Anyone know any good books on the tricks of market makers? I'd love to know how they prepare for session openings, rob the unsuspecting (guys like me) create volatility, run stops, etc. It might help me understand the landscape a bit better on the 5 and 15 min charts...


----------



## Trembling Hand (23 September 2008)

Bin57again said:


> Anyone know any good books on the tricks of market makers? I'd love to know how they prepare for session openings, rob the unsuspecting (guys like me) create volatility, run stops, etc. It might help me understand the landscape a bit better on the 5 and 15 min charts...





What markets are you trading because the ASX doesn't have MM in  stocks


----------



## Bin57again (23 September 2008)

It doesn't?
I'm mostly interested in the workings of the SPI.


----------



## UPKA (23 September 2008)

Trembling Hand said:


> What markets are you trading because the ASX doesn't have MM in  stocks




err incorrect, plenty of market makers on ASX mate e.g. Citygroup, IMC, JP Morgan, Optiver, tibra etc...


----------



## Trembling Hand (23 September 2008)

UPKA said:


> err incorrect, plenty of market makers on ASX mate e.g. Citygroup, IMC, JP Morgan, Optiver, tibra etc...

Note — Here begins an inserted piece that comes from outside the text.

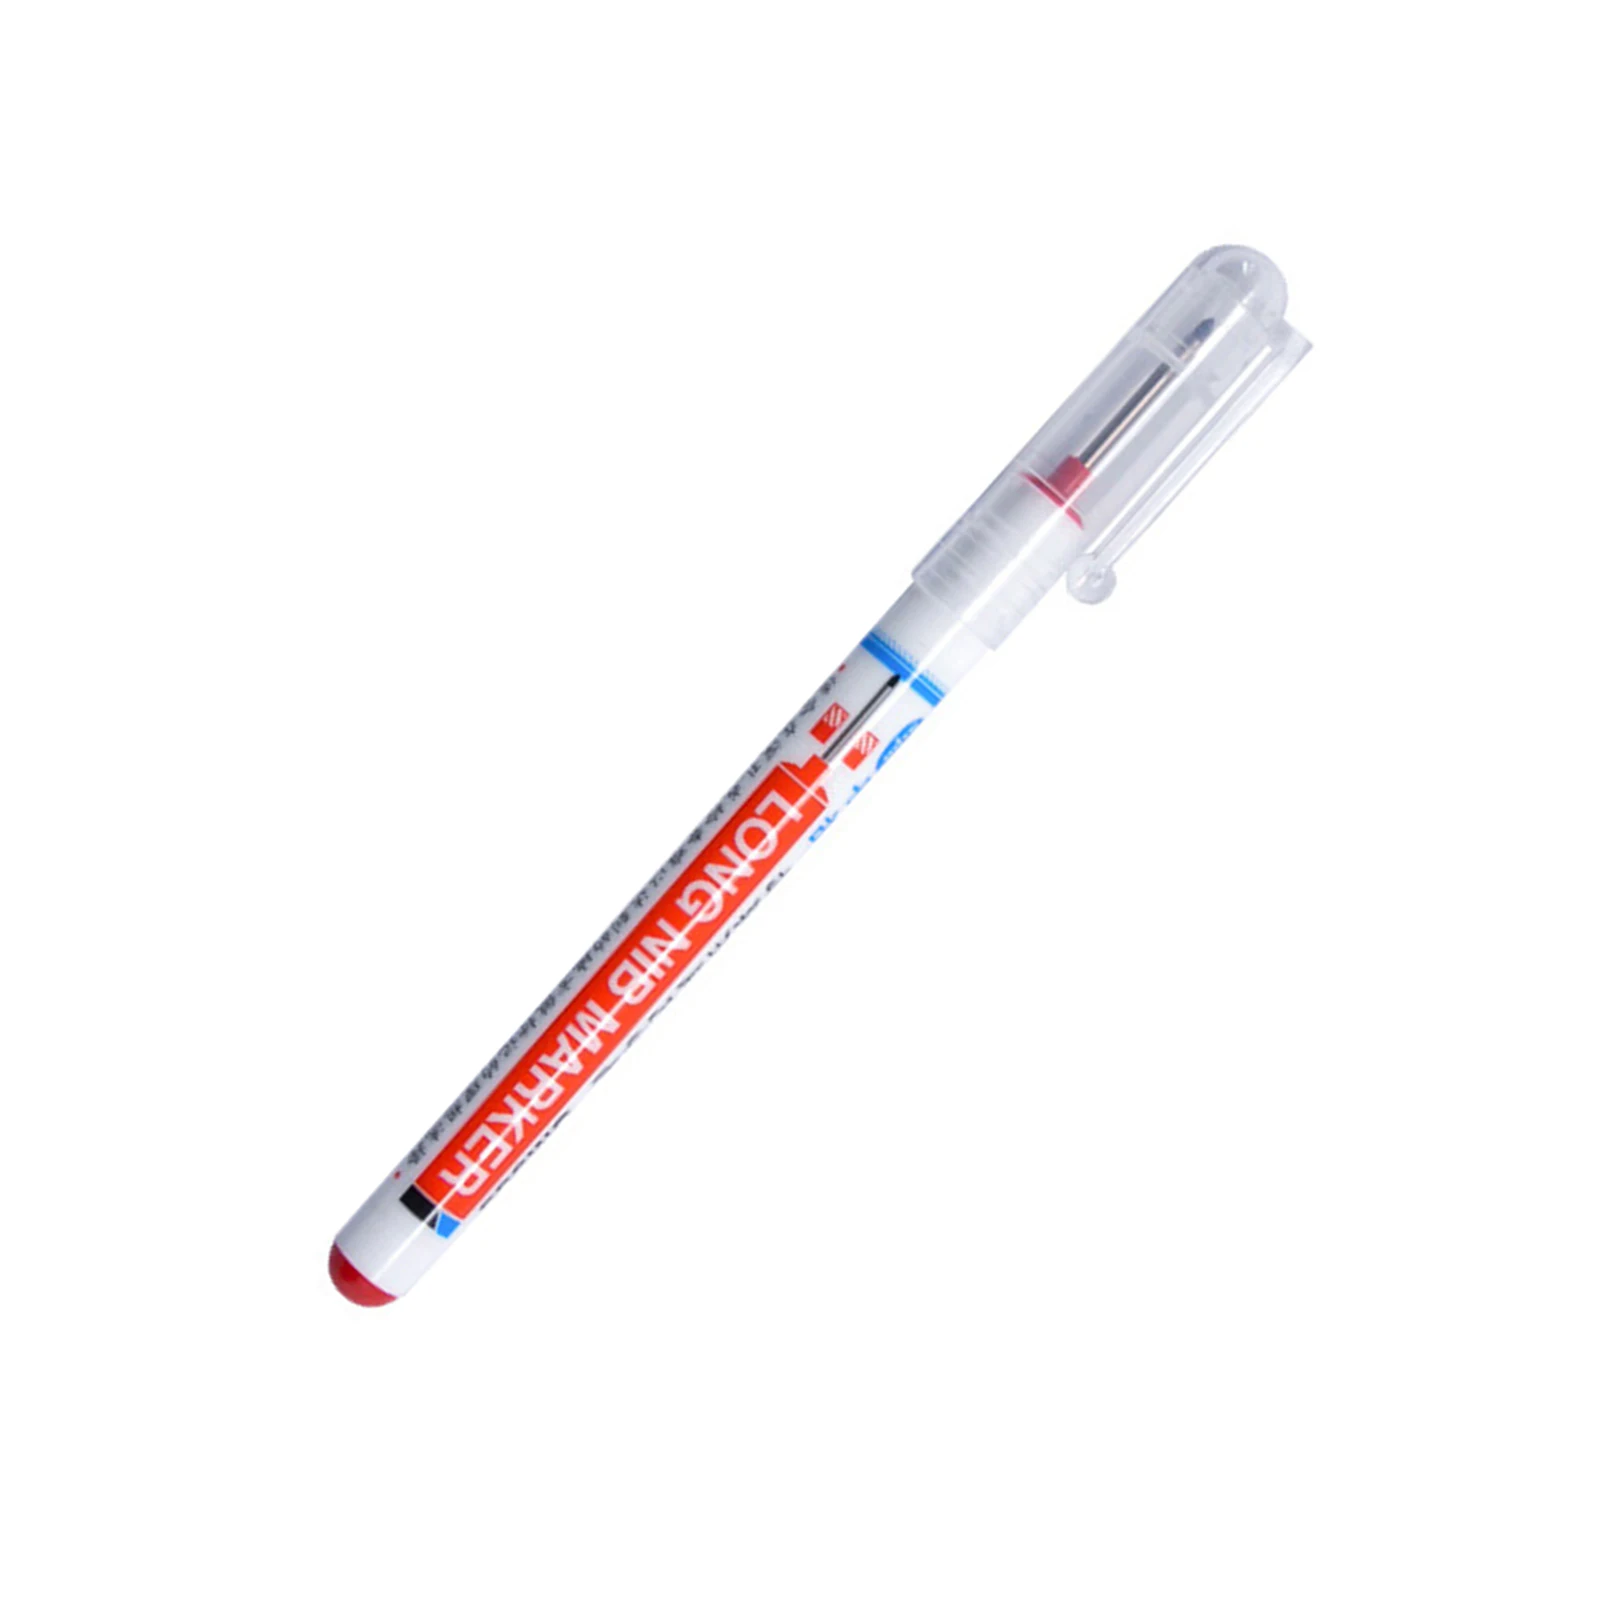 4Pcs Multipurpose Deep Hole Marker Pens, Lightweight Water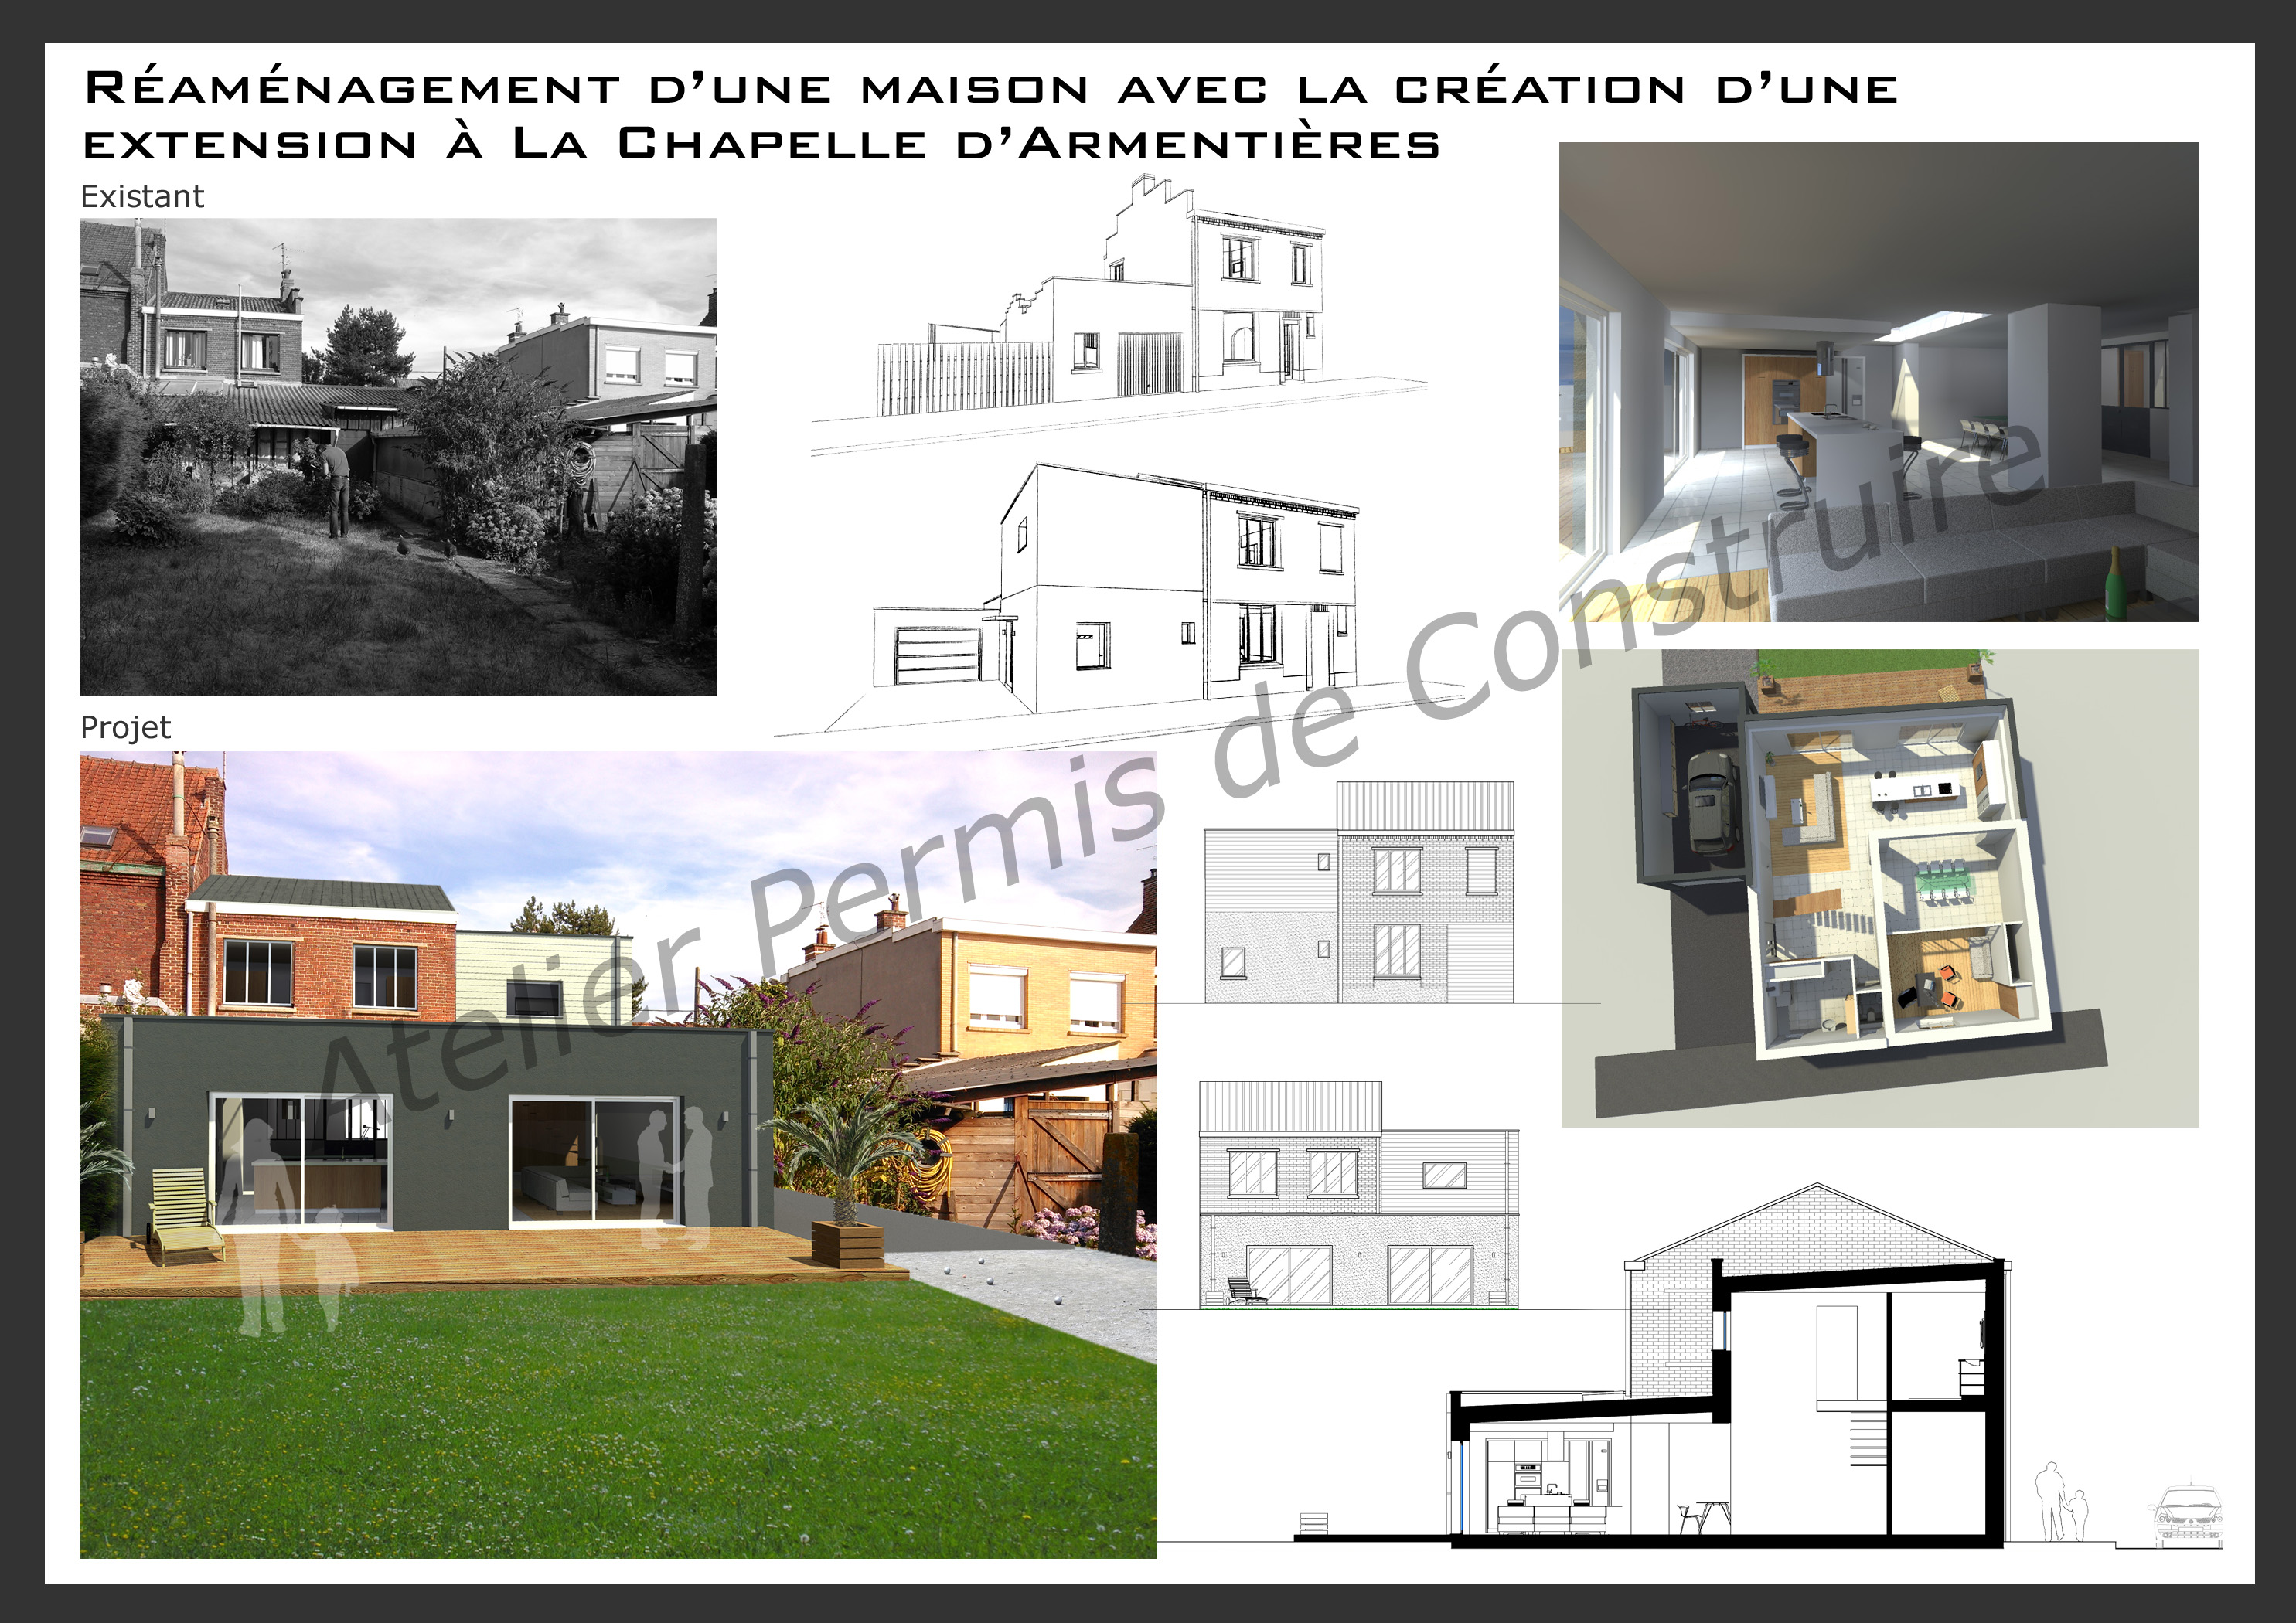 15.27 Atelier Permis de construire extension maison nord la chapelle d'Armentières

They are not market makets in th sense of NYSE market makers that most people know about. They are not required to "make a market" in individual stocks. We have them in oppies & warrants but not ASX listed stocks.

They may from time to time make a market for their own needs but that doen't make them MM in the true sense of a MM.


----------



## Timmy (23 September 2008)

UPKA said:


> err incorrect, plenty of market makers on ASX mate e.g. Citygroup, IMC, JP Morgan, Optiver, tibra etc...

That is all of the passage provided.